Earlier, there was a restriction that the above exemptions were available upto 30.06.2022. The said
restriction has been relaxed and the said exemptions are now available without any time restriction.
Crux: Exemption from IGST and GST compensation cess, in case of imports under Advance Authorisation,
EPCG, EOU/EHTP/STP/BTP units, granted without any time restriction
As per the Foreign Trade Policy, all export contracts and invoices shall be denominated either in freely
convertible currency or Indian rupees but export proceeds shall be realised in freely convertible currency.
However, export proceeds against specific exports may also be realized in rupees, provided it is through a
freely convertible Vostro account of a non-resident bank situated in any country other than a member
country of Asian Clearing Union (ACU) or Nepal or Bhutan. Additionally, rupee payment through Vostro
account must be against payment in free foreign currency by buyer in his non-resident bank account. Free
foreign exchange remitted by buyer to his non-resident bank (after deducting the bank service charges) on
account of this transaction would be taken as export realization under export promotion schemes of FTP.

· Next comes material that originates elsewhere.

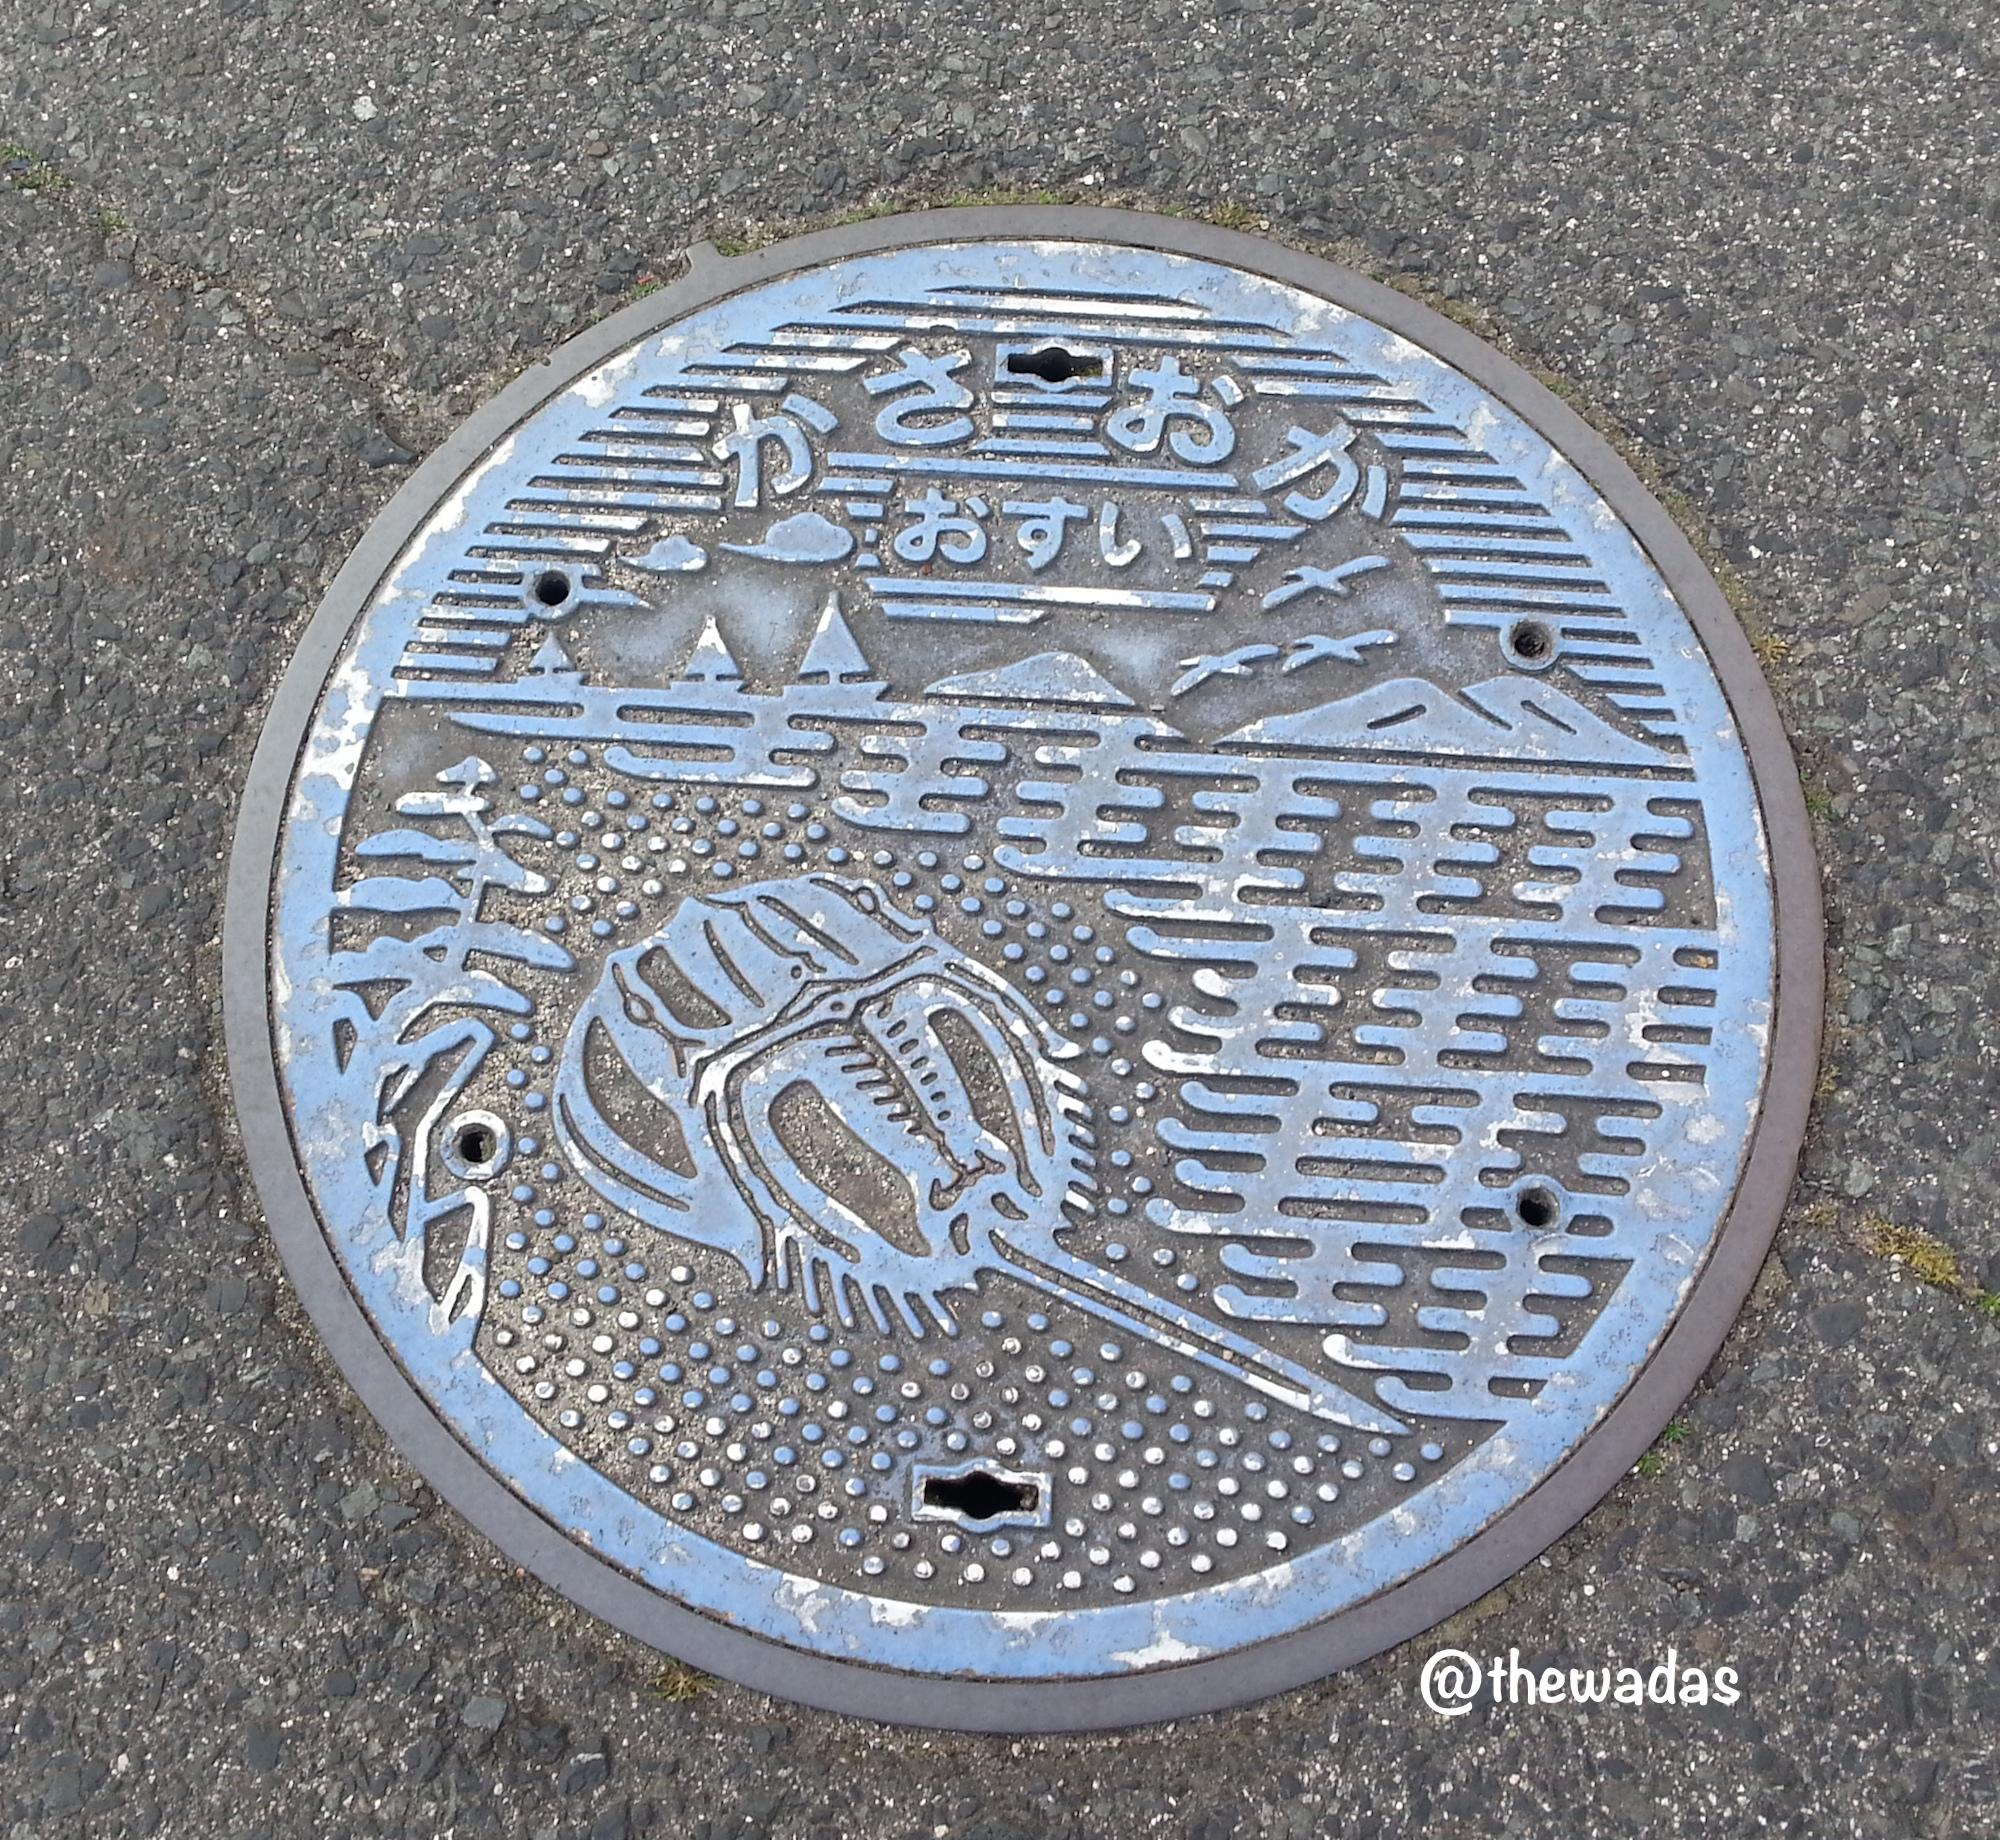 Kasaoka City manhole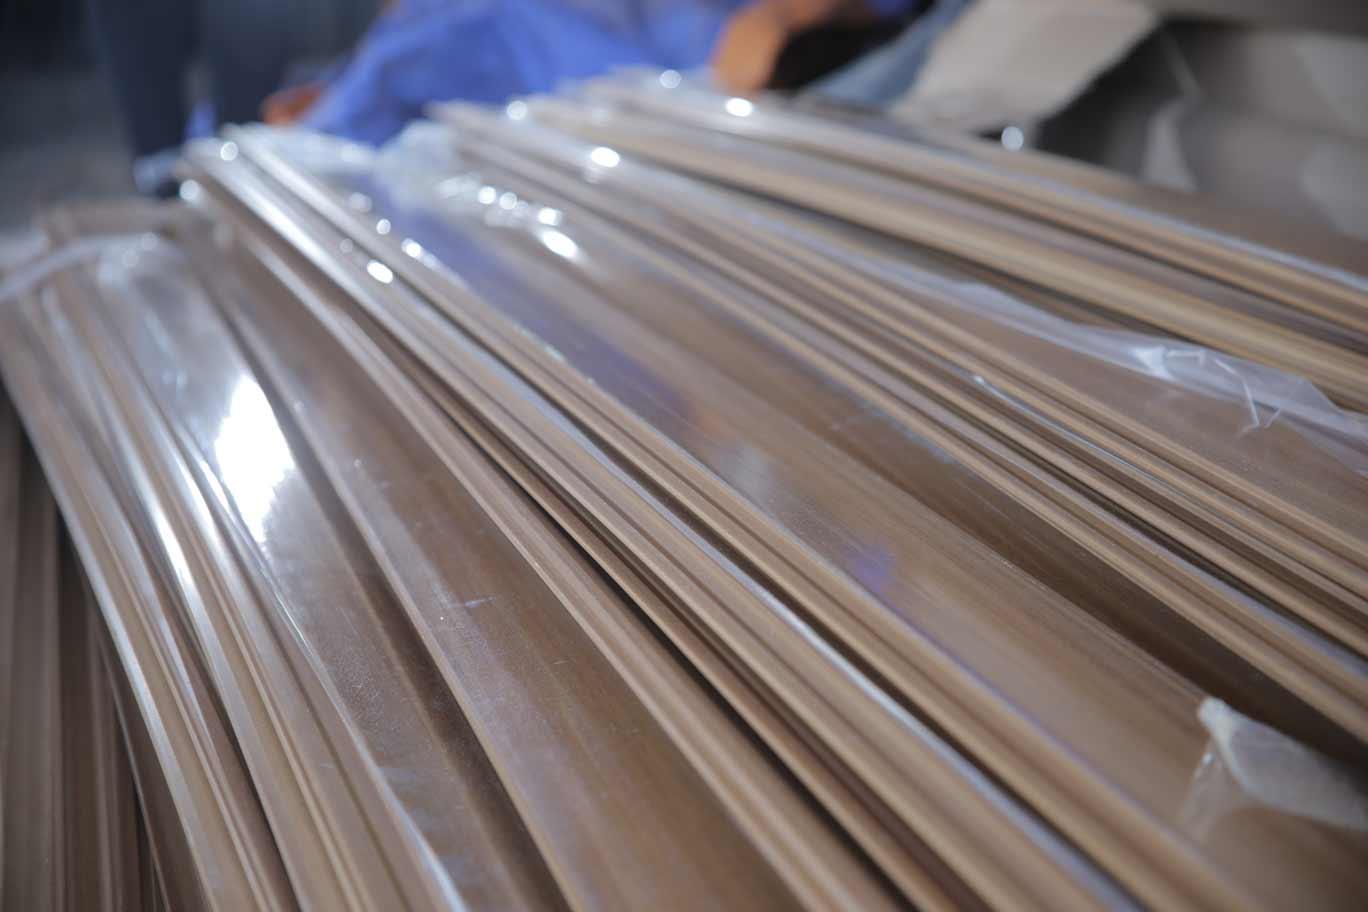 Hình ảnh minh họa sàn gỗ nhựa

Contracts for which payments are received through ACU shall be denominated in ACU Dollar. Central
Government may relax provisions in this regard in appropriate cases. Export contracts and invoices can be
denominated in Indian rupees against EXIM Bank/ Government of India line of credit.
Now, invoicing, payment and settlement of exports and imports has also been made permissible
in Indian rupees (INR). Accordingly, settlement of trade transactions in INR may also take place
through the Special Rupee Vostro Accounts opened by AD (Authorised Dealer) banks in India, in
accordance to the following procedures:
(i) Indian importers undertaking imports through this mechanism shall make payment in INR
which shall be credited into the Special Vostro account of the correspondent bank of the
partner country, against the invoices for the supply of goods or services from the overseas
seller /supplier.
(ii) Indian exporters, undertaking exports of goods and services through this mechanism, shall
be paid the export proceeds in INR from the balances in the designated Special Vostro
account of the correspondent bank of the partner country.